One piece of copper jewelry at \(105^{\circ} \mathrm{C}\) has twice the mass of another piece at \(45^{\circ} \mathrm{C}\). Both are placed in a calorimeter of negligible heat capacity. What is the final temperature inside the calorimeter \((c\) of copper \(=0.387 \mathrm{~J} / \mathrm{g} \cdot \mathrm{K}) ?\)

Short answer

The final temperature is 85°C.

Step-by-step solution

Identify Variables

Let the masses of two copper pieces be 2m (hot piece) and m (cold piece). Let the final temperature be T.

Write Heat Lost Equation

Heat loss by the hot piece is calculated by \[Q_{\text{loss}} = 2m \times c \times (105 - T).\]

Write Heat Gained Equation

Heat gain by the cold piece is calculated by \[Q_{\text{gain}} = m \times c \times (T - 45).\]

Set Up Heat Exchange Equation

Since heat lost by the hot piece equals heat gained by the cold piece, \[2m \times c \times (105 - T) = m \times c \times (T - 45).\]

Simplify the Equation

Cancel out the common terms (m and c), and solve for T:\[2 \times (105 - T) = T - 45,\]\[210 - 2T = T - 45,\]\[210 + 45 = 3T,\]\[255 = 3T,\]\[T = 85.\]

Final Answer

The final temperature inside the calorimeter is 85°C.

Key concepts

specific heat capacity

Specific heat capacity is a measure of how much heat energy is required to raise the temperature of a substance. It is usually denoted by the symbol \(c\). The unit of specific heat capacity is Joules per gram per degree Kelvin (\( \text{J/g} \bullet \text{K} \)). A larger specific heat capacity means a substance can absorb more heat without changing temperature significantly.
In our exercise, the specific heat capacity of copper is given as \(0.387 \text{~J/g} \bullet \text{K}\). To label it clearly:

• For copper, \(c = 0.387 \text{~J/g} \bullet \text{K}\).

heat transfer

Heat transfer is the process by which thermal energy moves from a hotter object to a cooler one. Heat always flows from regions of higher temperature to regions of lower temperature until thermal equilibrium is reached.
There are three primary methods of heat transfer:

• Conduction: Heat transfer through a solid material.
• Convection: Heat transfer through a fluid (liquid or gas).
• Radiation: Heat transfer through electromagnetic waves.

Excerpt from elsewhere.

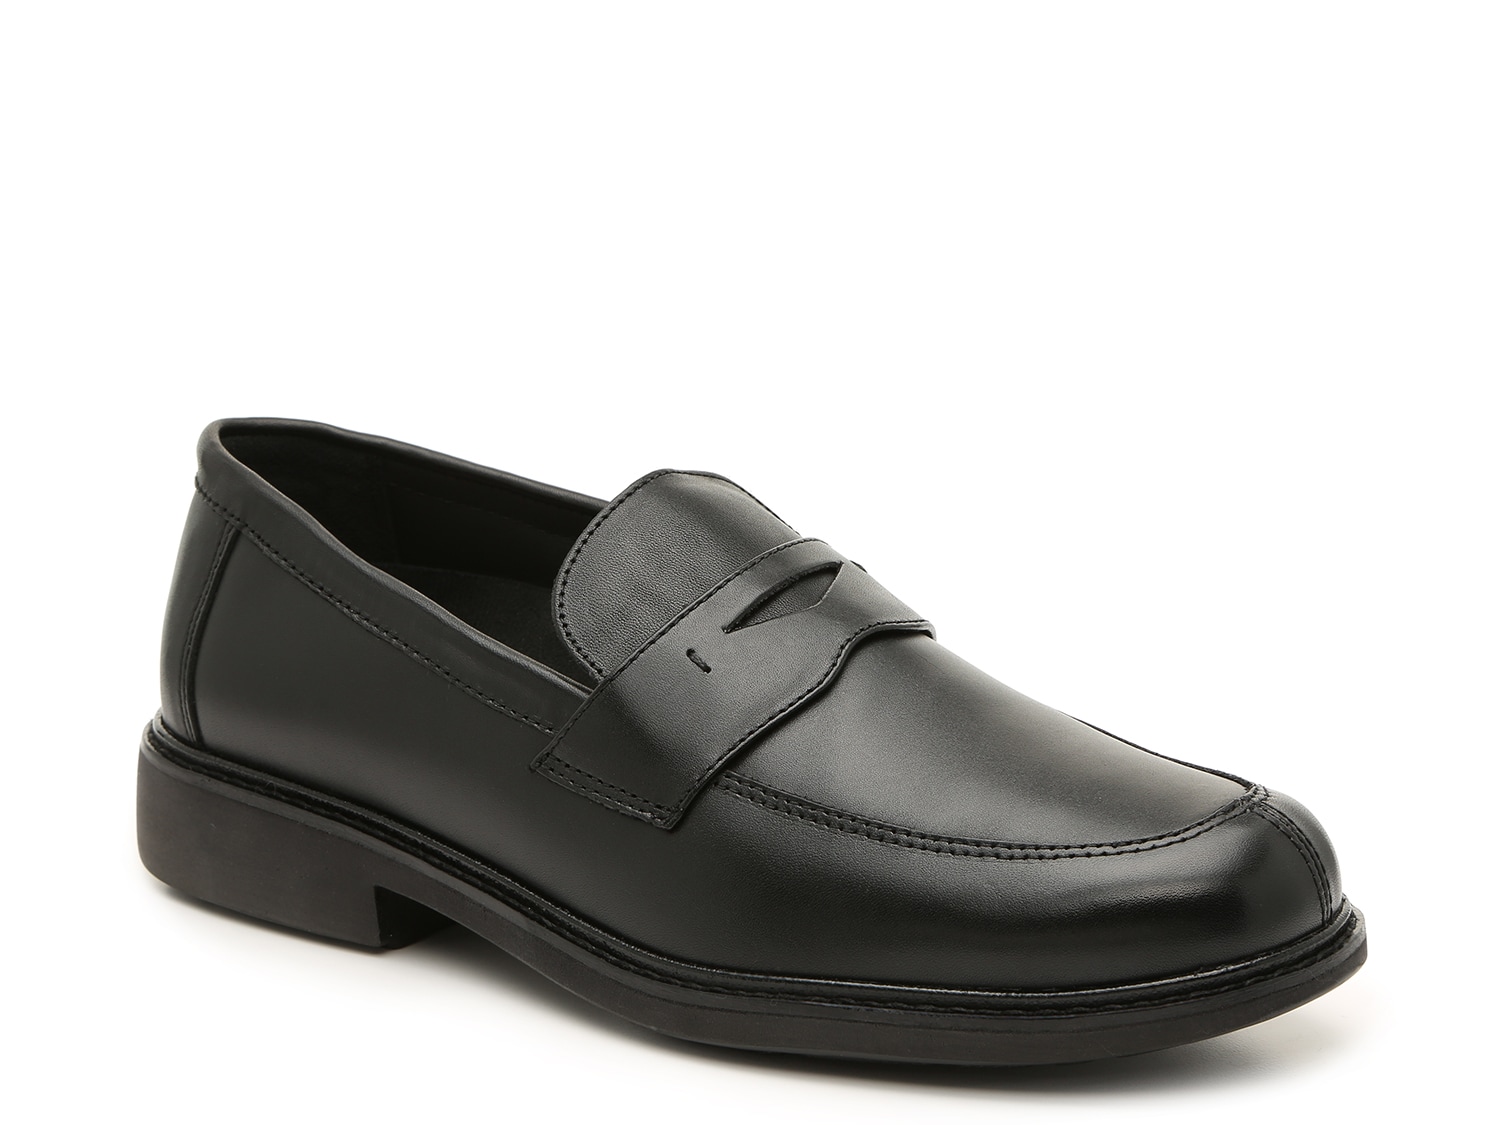 Drew Essex Penny Loafer - Free Shipping | DSW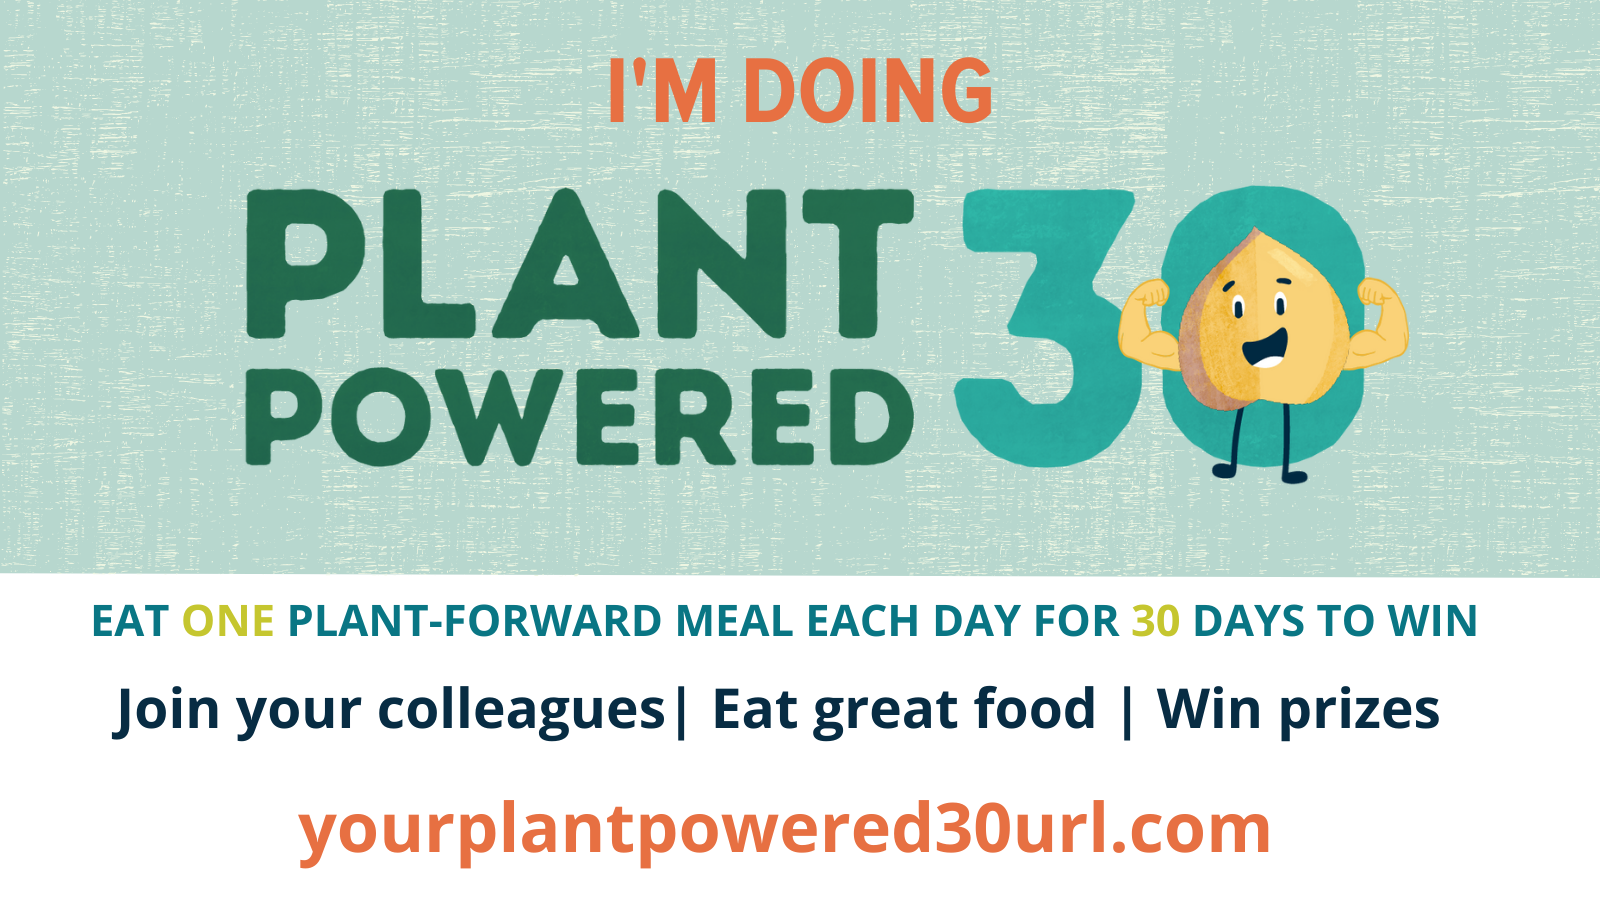 Plant Powered 30 Twitter image 2

In our problem, we focus on conduction, where heat energy is exchanged between two pieces of copper. We calculate heat lost and heat gained by each piece using the formulas:
\[Q_{\text{loss}} = 2m \times c \times (105 - T)\]
\[Q_{\text{gain}} = m \times c \times (T - 45)\]

thermal equilibrium

Thermal equilibrium is the condition where all involved temperatures become equal, and there is no net heat transfer between objects. In our problem, both copper pieces in the calorimeter ultimately reach the same final temperature.
The concept is crucial as it allows us to set up the heat exchange equation:
\[2m \times c \times (105 - T) = m \times c \times (T - 45)\]
By solving this equation, we find the final temperature inside the calorimeter when the two pieces of copper have the same temperature:

• The final temperature calculated is \(85^{\text{o}}\text{C}\).